CONDUÇÃO Prometheus, a nave que dá nome ao filme.

Ver Galeria
(2 imagens)

Responsável por alguns dos longas-metragens mais icônicos dos últimos 35 anos – Blade Runner: O Caçador de Androides, Gladiador, Thelma & Louise, Falcão Negro em Perigo, e a lista segue –, o cineasta britânico Ridley Scott jamais dirigiu uma continuação.
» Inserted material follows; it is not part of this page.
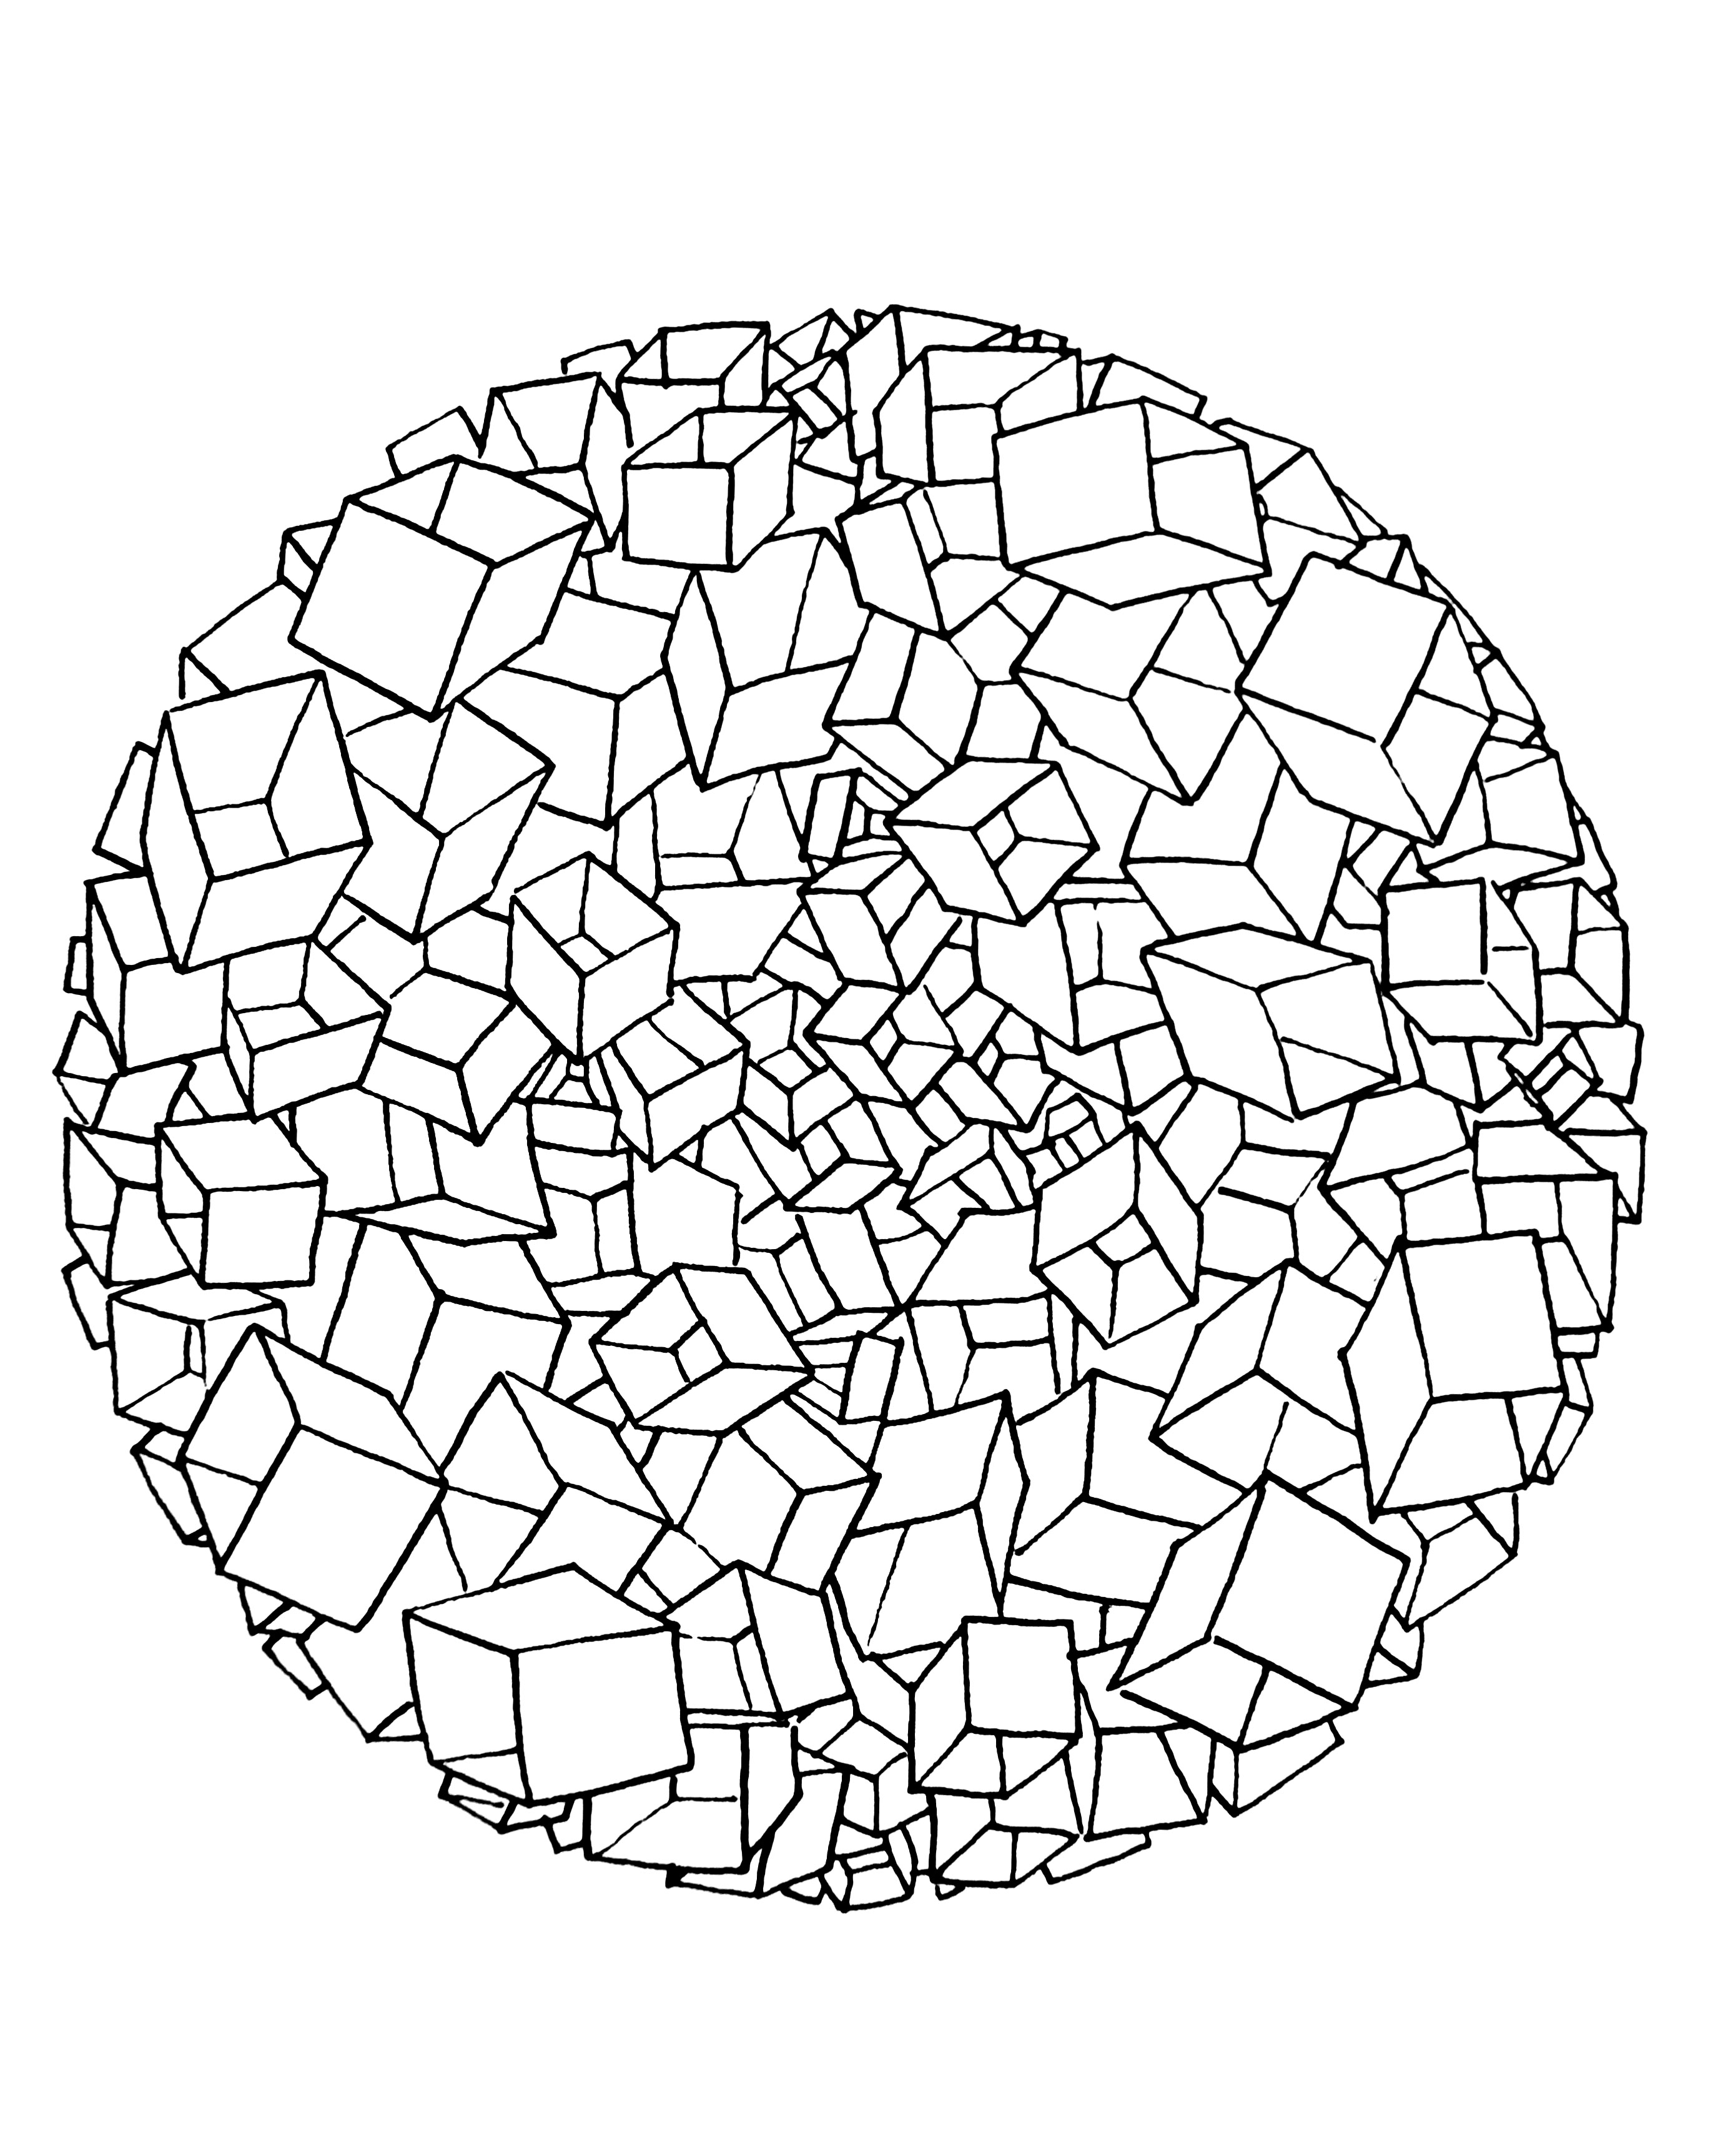 Mandala à colorier avec une succession de cubes répartis dans l'intégralité du dessin. Assez difficile.

Prometheus (estreia em 15 de junho), baseado no universo da franquia Alien, talvez seja o mais próximo disso. Apesar de uma notável abordagem de cunho filosófico, o filme remonta à ambientação sufocante e à imprevisibilidade ansiosa de thrillers espaciais aos moldes de Alien, O Oitavo Passageiro (1979) – até hoje, aliás, considerada a grande obra-prima de Scott. Prometheus conta a saga de uma equipe de exploradores que embarca em uma longa jornada na busca por respostas sobre as origens extraterrestres da humanidade. É Ridley Scott até a medula – a precisão de detalhes, as imagens exuberantes, o clima pessimista, a sensação de que uma tragédia é iminente. Prestes a completar 75 anos, o diretor ainda tem munição para mais um projeto polêmico: uma investida na franquia Blade Runner. “Será em um universo diferente, mas ainda sob a bandeira Blade Runner”, revela.

Como descrever Prometheus para alguém que jamais assistiu a um de seus filmes?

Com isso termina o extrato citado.